Liquid Clustering: Replaces Z-Order and partitioning for data layout optimization (Section 10)
System Tables: New emphasis on observability and cost monitoring (Section 5)
Row Filters & Column Masks: Data security now has dedicated coverage (Section 7)

Removed/Reduced Topics:

Partition hints (coalesce, repartition, repartition_by_range, rebalance): Less emphasis in new syllabus
Z-Order indexing: Replaced by Liquid Clustering focus
Bloom filters: Reduced coverage
Manual file size control: Auto-optimization now preferred

Renamed/Evolved Topics:

“Delta Live Tables” → “Lakeflow Declarative Pipelines” or “Lakeflow Spark Declarative Pipelines”
“Streaming with Delta Lake” → Focus now on Streaming Tables vs Materialized Views
Traditional partitioning strategies → Liquid Clustering

Study Tip: If you studied for the April 2024 exam, focus extra time on:

DABs project structure and deployment
Lakeflow/DLT new syntax and APPLY CHANGES API
Liquid Clustering (replaces partitioning/Z-Order decisions)
System Tables for monitoring and observability
Row filters and column masks for security

📖 Background Reading

Before diving into the objectives, these resources provide essential foundational context:

Delta Lake Fundamentals

Understanding the Delta Lake Transaction Log – Read the Blog Post This excellent post provides deep insight into how Delta Lake guarantees ACID transactions. Understanding the transaction log is fundamental to troubleshooting and optimization questions on the exam.

Delta Lake 3.0 and Liquid Clustering – Read the Blog Post Liquid Clustering is the new approach to data layout optimization, replacing partitioning and Z-Order strategies. This is a must-read for the new exam.

How to Clone Delta Lake Tables – Read the Blog Post Covers both shallow and deep clones with use cases – useful for understanding testing and data sharing scenarios.

Streaming & CDC

Simplifying CDC with Change Data Feed – Read the Blog Post Essential reading for understanding how CDF enables incremental processing and delete propagation.

Simplifying Streaming Data Ingestion into Delta Lake – Read the Blog Post Great overview of Auto Loader and streaming patterns.

Stream-Stream Joins in Apache Spark – Read the Blog Post While focusing on Spark 2.3, the concepts of stream-stream joins are still relevant for the exam.

Performance Optimization

Processing Petabytes with Databricks Delta – Read the Blog Post Contains excellent visualizations for understanding Z-Ordering concepts (though now superseded by Liquid Clustering, the principles still apply).

How Databricks Improved Query Performance with Auto-Optimized File Sizes – Read the Blog Post Understanding the “small files” problem and how Databricks addresses it automatically.

Data Governance & Compliance

Handling “Right to be Forgotten” with Delta Live Tables – Read the Blog Post Critical for understanding data purging and GDPR/CCPA compliance – directly relevant to Section 7.

Official Documentation Quick Links

Delta Lake Documentation – Official Delta Lake site
Structured Streaming Programming Guide – Essential Spark reference
Delta Lake Cheatsheet – Quick reference PDF

Free Ebook

Delta Lake: Up & Running by O’Reilly – Get the PDF Comprehensive book covering Delta Lake internals, operations, and best practices. Free in exchange for your email.
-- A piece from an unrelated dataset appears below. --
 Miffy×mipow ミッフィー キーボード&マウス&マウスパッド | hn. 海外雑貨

📊 Exam Breakdown & Study Strategy

Exam Weight by Section

Understanding how the exam is weighted helps you prioritize your study time. The Professional exam covers 10 sections with 42 total objectives:

Section	Topics	Objectives	Study Priority
Section 1: Developing Code	DABs, UDFs, DLT, Jobs, Testing	11	🔴 Critical
Section 5: Monitoring and Alerting	System Tables, Spark UI, APIs	6	🔴 Critical
Section 6: Cost & Performance	Optimization, CDF, Query Profile	5	🔴 Critical
Section 7: Security and Compliance	ACLs, Masking, PII, Purging	5	🔴 Critical
Section 9: Debugging and Deploying	Spark UI, DABs, Git CI/CD	5	🟡 High
Section 10: Data Modelling	Delta, Liquid Clustering, Dimensional	4	🟡 High
Section 4: Data Sharing	Delta Sharing, Federation	3	🟡 High
Section 2: Data Ingestion	Multi-format, Streaming/Batch	2	🟢 Medium
Section 3: Transformation	Window Functions, Quarantining	2	🟢 Medium
Section 8: Data Governance	Metadata, Permissions	2	🟢 Medium

🎯 How to Use This Guide Effectively

I’ve organized resources into four categories for each exam objective. Here’s how I recommend using them:

📚 Official Documentation (docs.databricks.com)
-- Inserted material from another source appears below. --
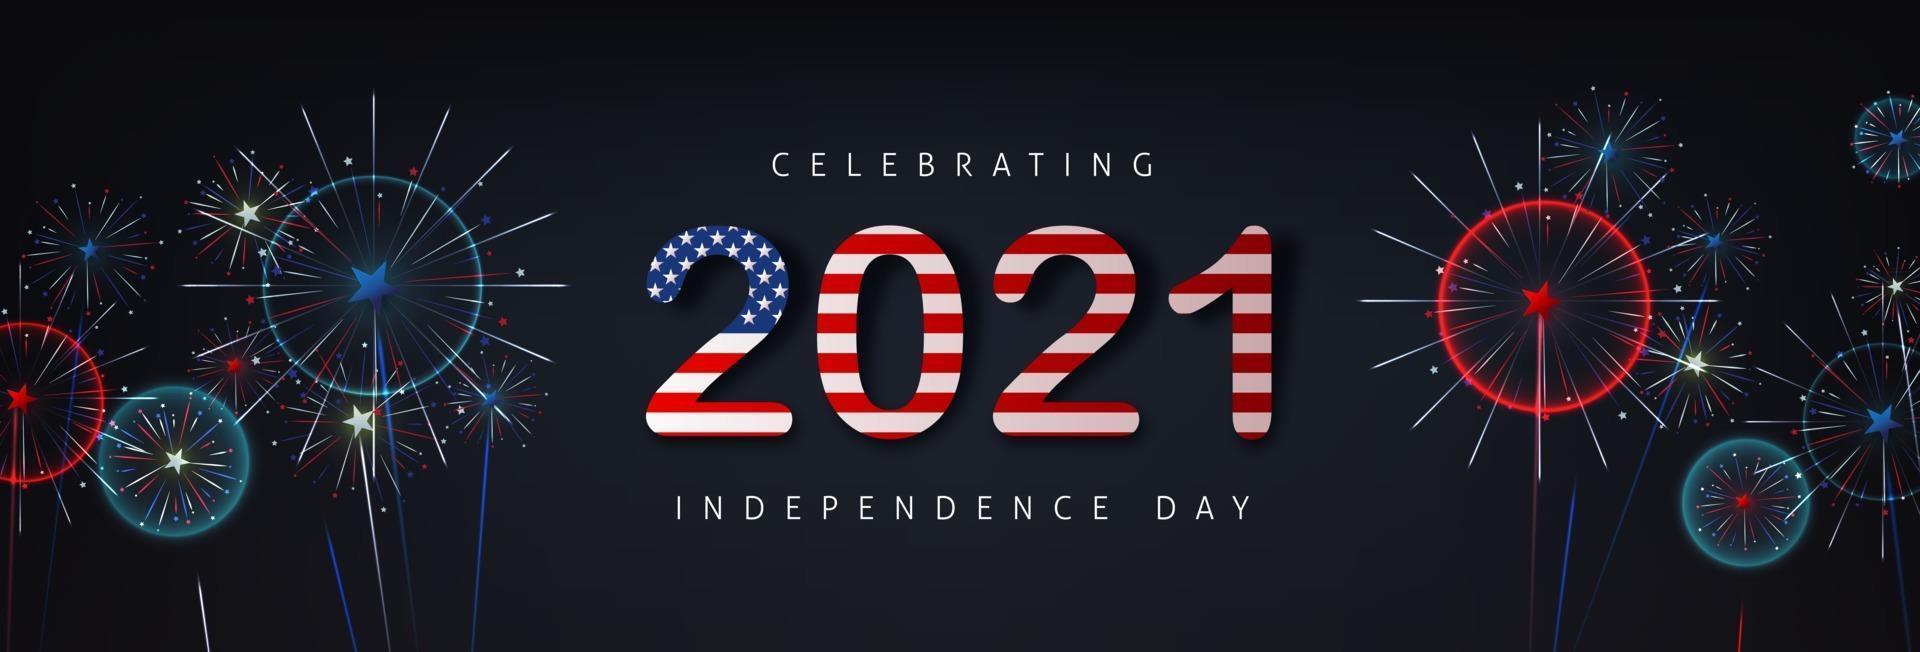 självständighetsdagen usa firande banner med fyrverkeri bakgrund och text 2021 amerikanska flaggan vektor

This is your primary reference for the Professional exam. You need to know the details – syntax, configuration options, and edge cases.

My approach:

Read the conceptual overview AND the API/syntax reference
Understand the “Limitations” and “Best Practices” sections – exam questions often test edge cases
Pay special attention to Unity Catalog, DABs, and DLT documentation

Best for: Understanding exact syntax, parameters, and technical specifications

🎯 Interactive Demos (databricks.com/resources/demos)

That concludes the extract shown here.